> _RECORDED DATA_
============

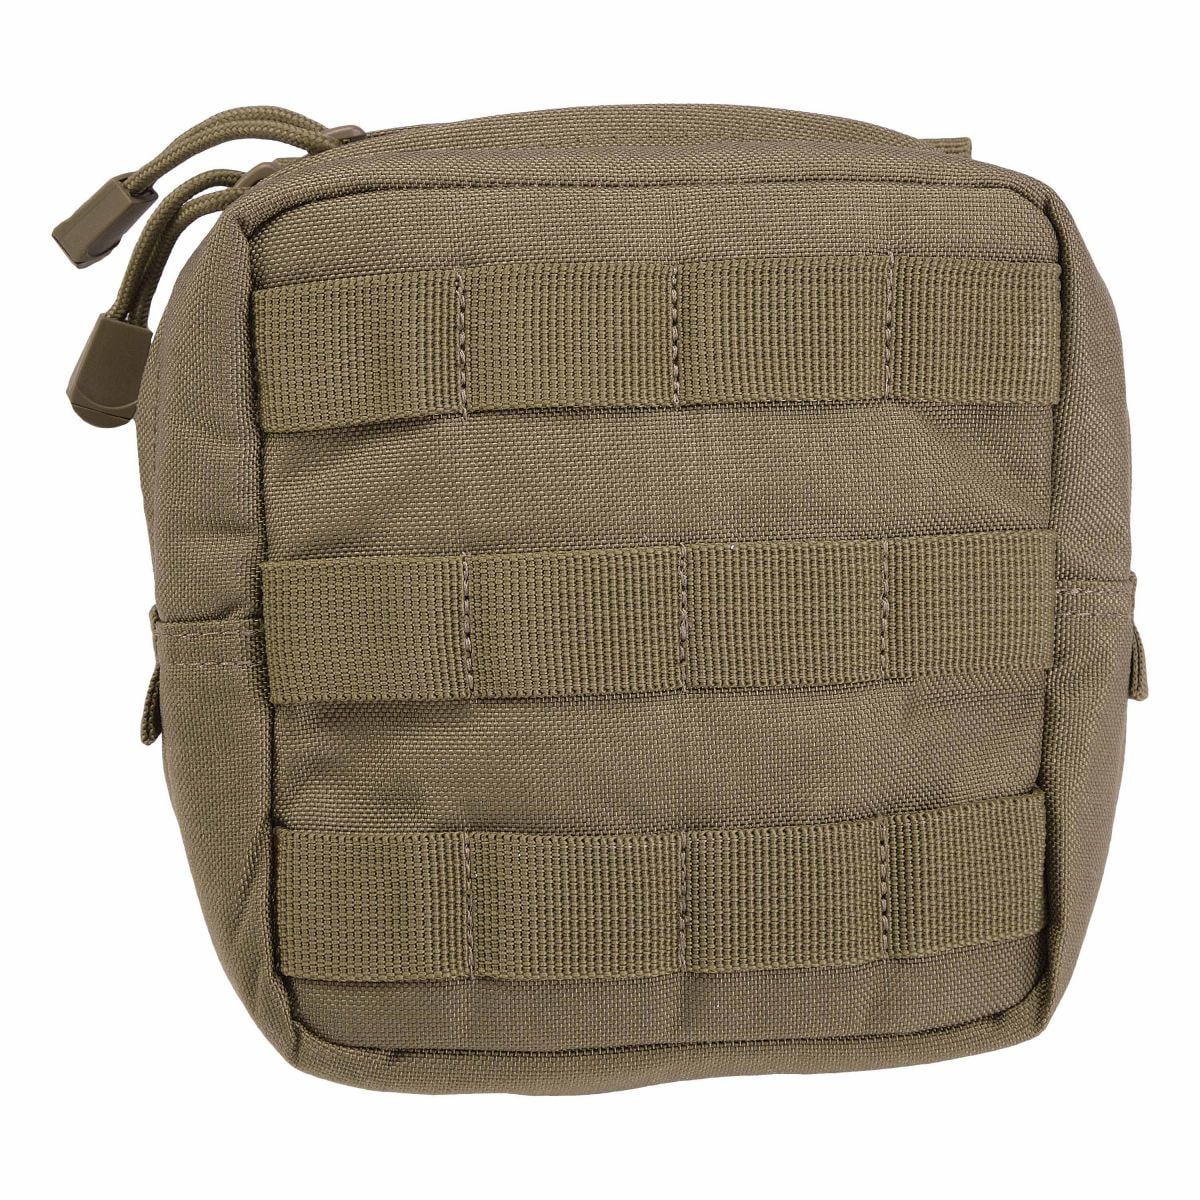 5.11 Pouch 6.6 Padded Pouch sandstone | 5.11 Pouch 6.6 Padded Pouch ...
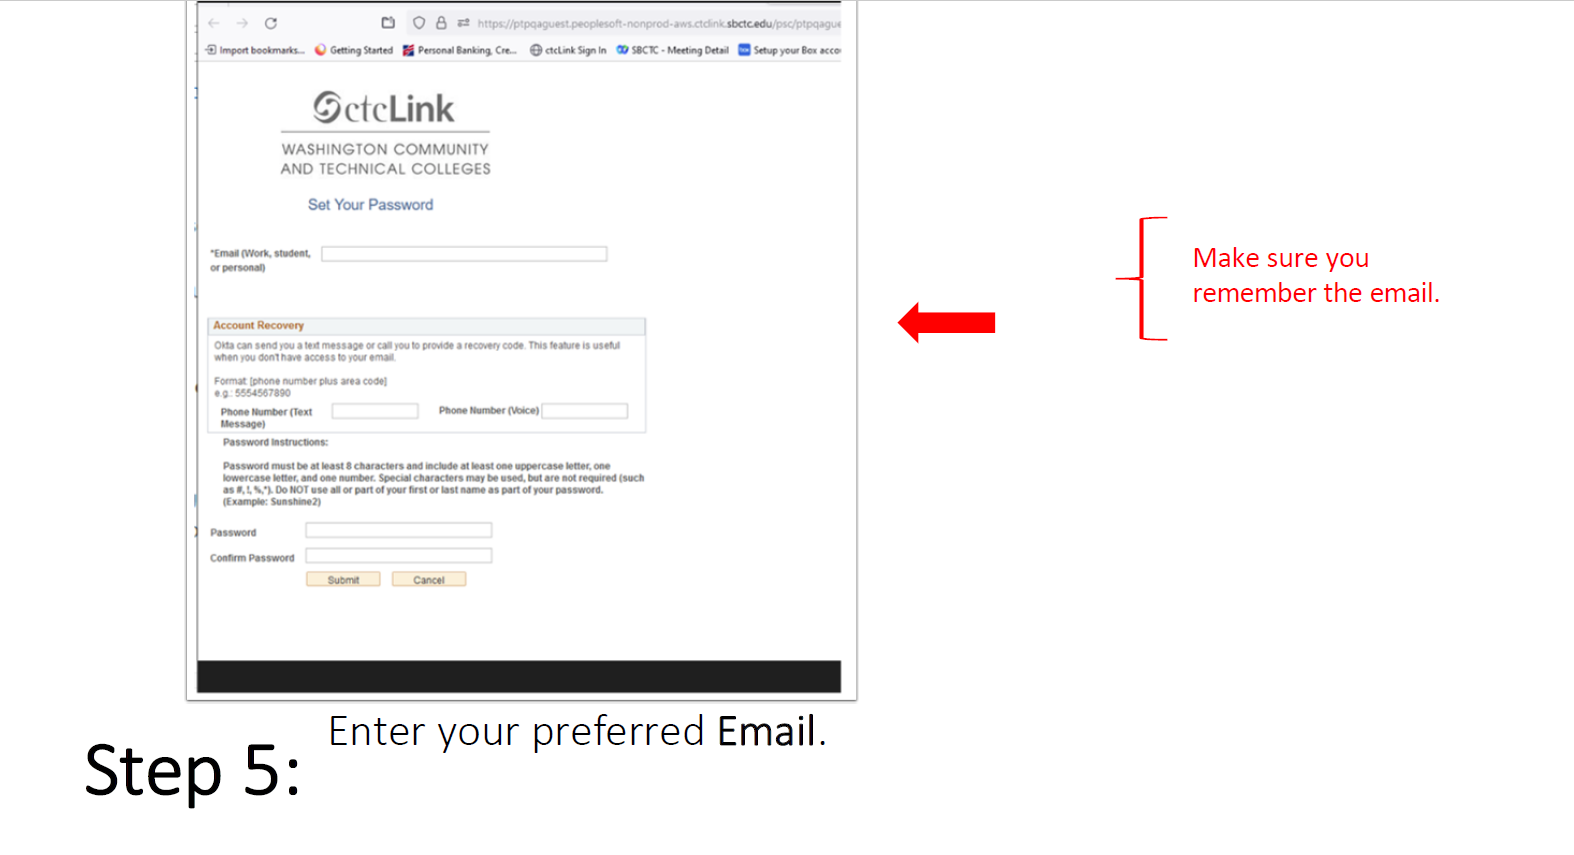 Step 5: Enter your preferred Email. Make sure you remember that email. Write it down if needed.
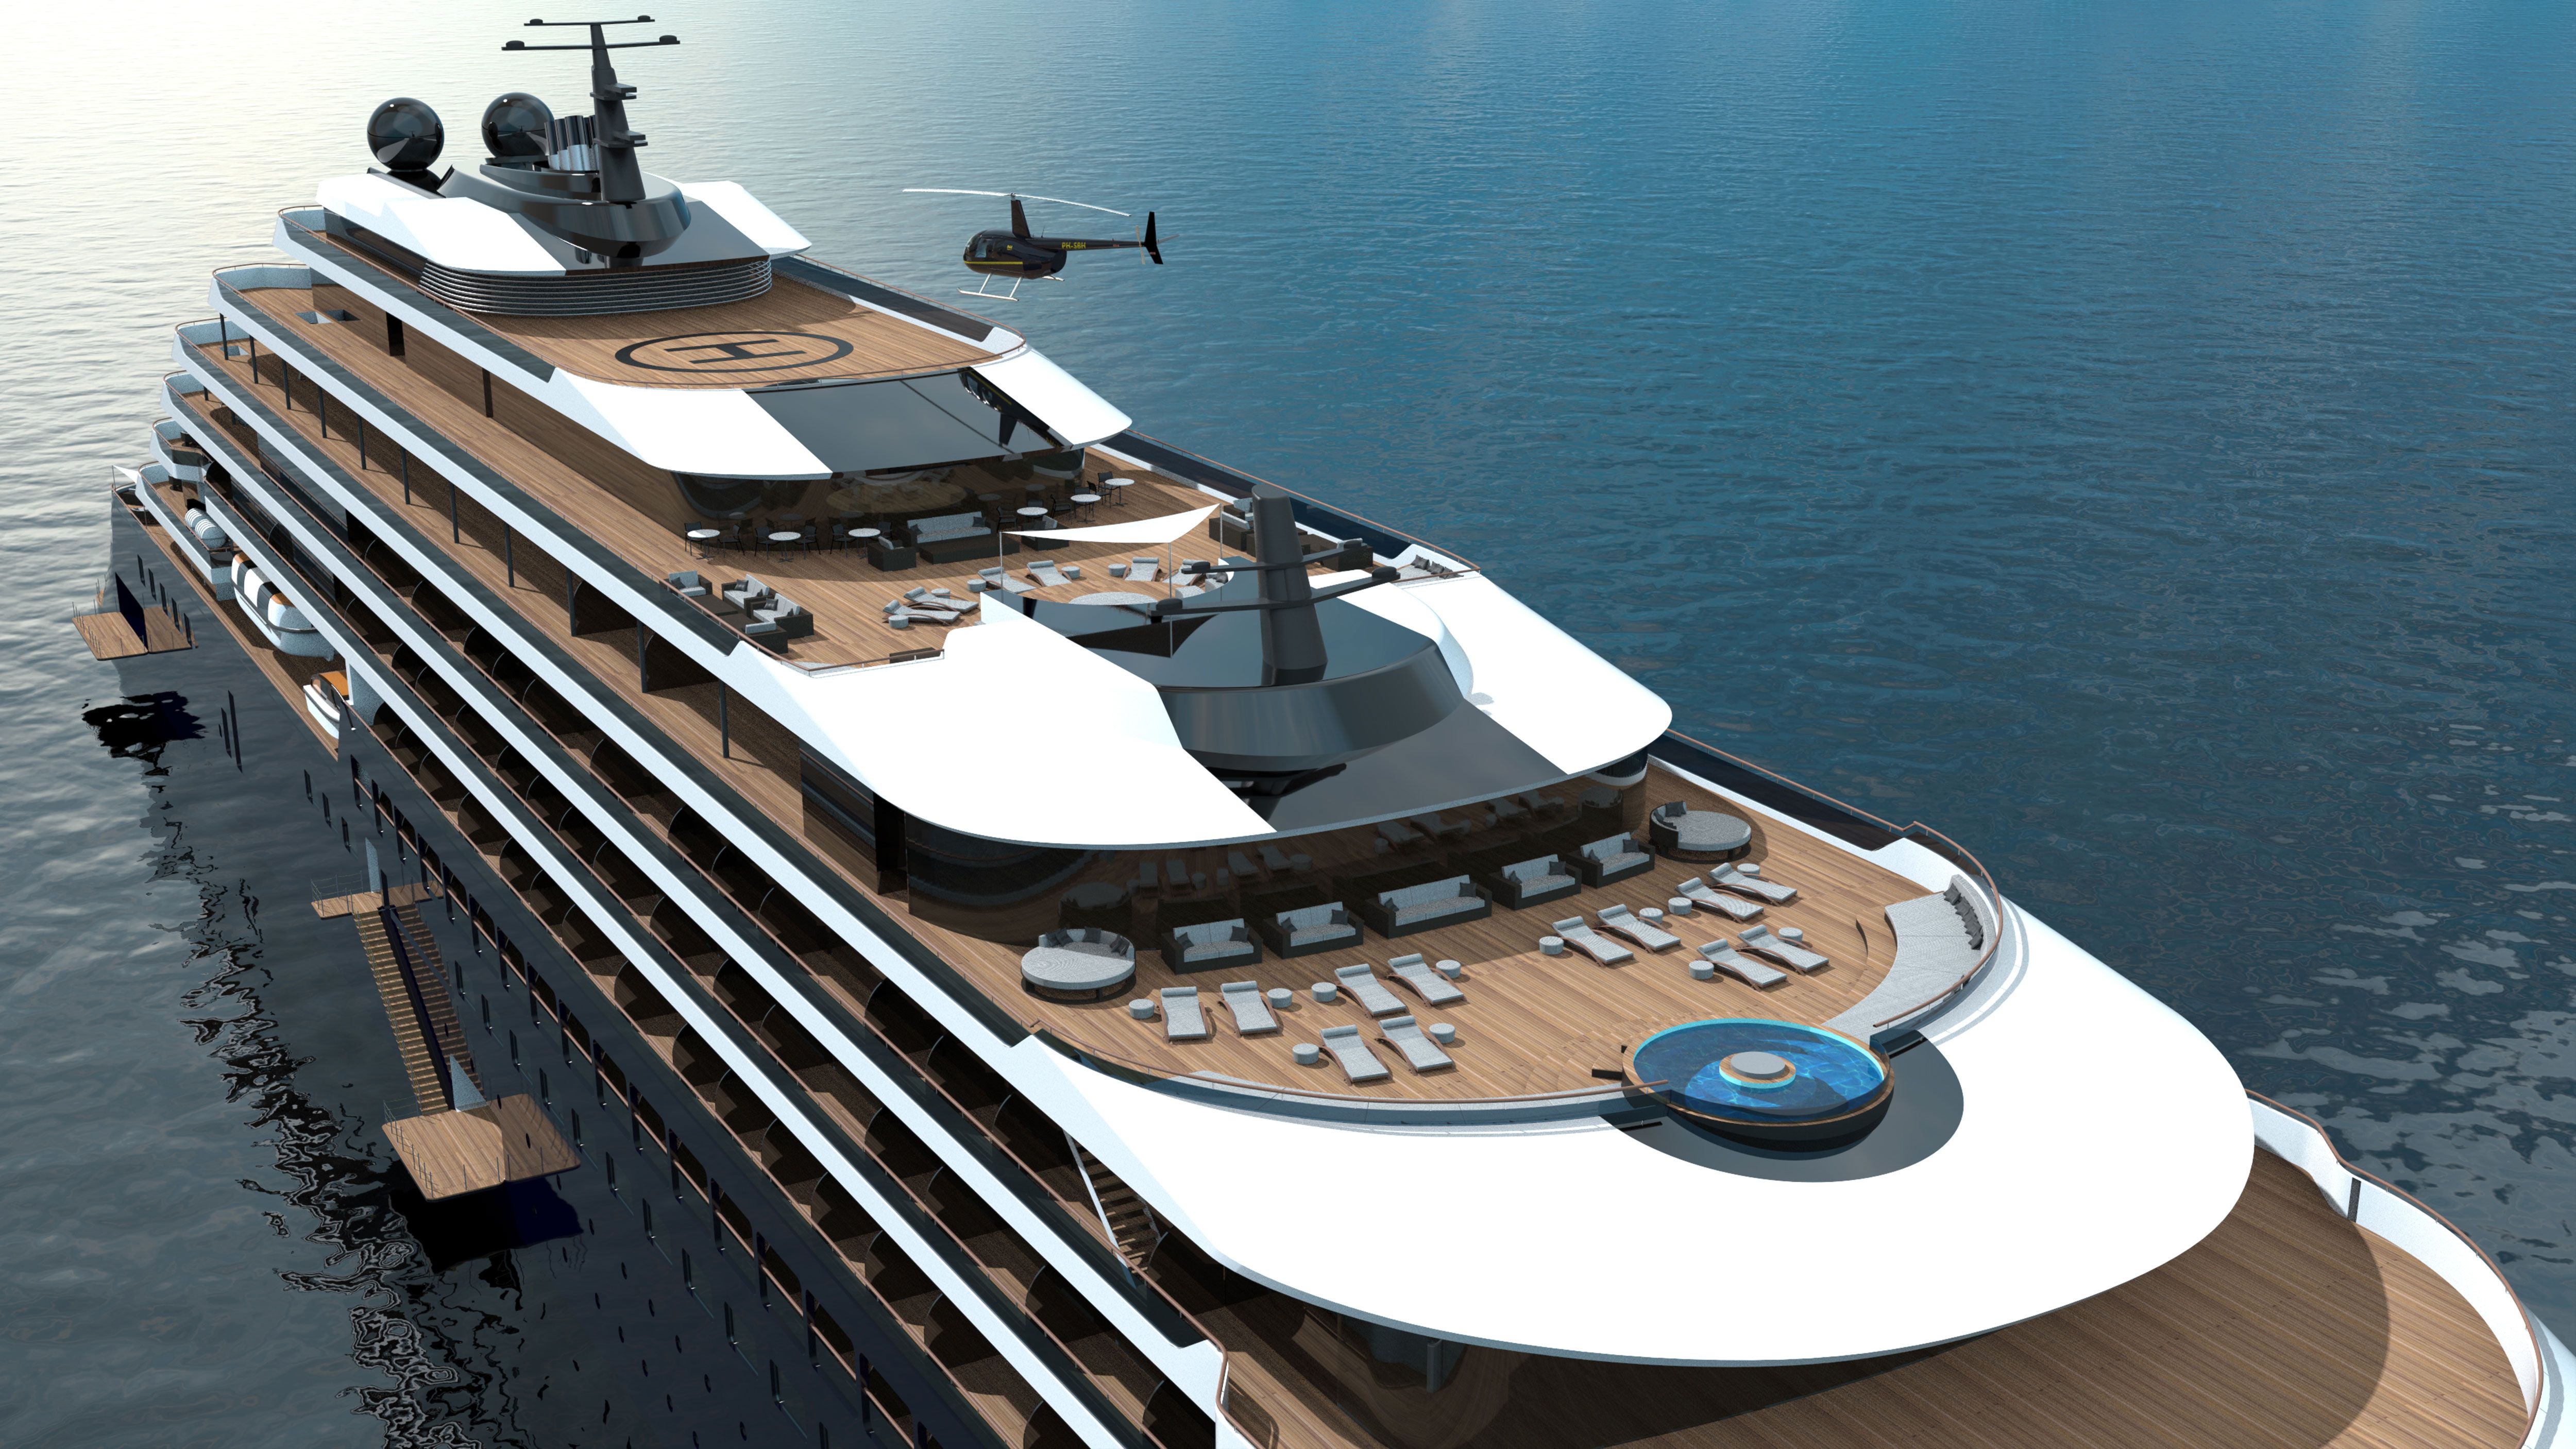 Ritz-Carlton's new yachts will be luxury hotels at sea

============

> _AIM OF THE TASK_
Begin at the line containing "Step 5: Enter" and write out every line to the end of the data exactly. Skip the pictures.

> _YOUR RESPONSE_
 Step 5: Enter your preferred Email. Make sure you remember that email. Write it down if needed.
 Ritz-Carlton's new yachts will be luxury hotels at sea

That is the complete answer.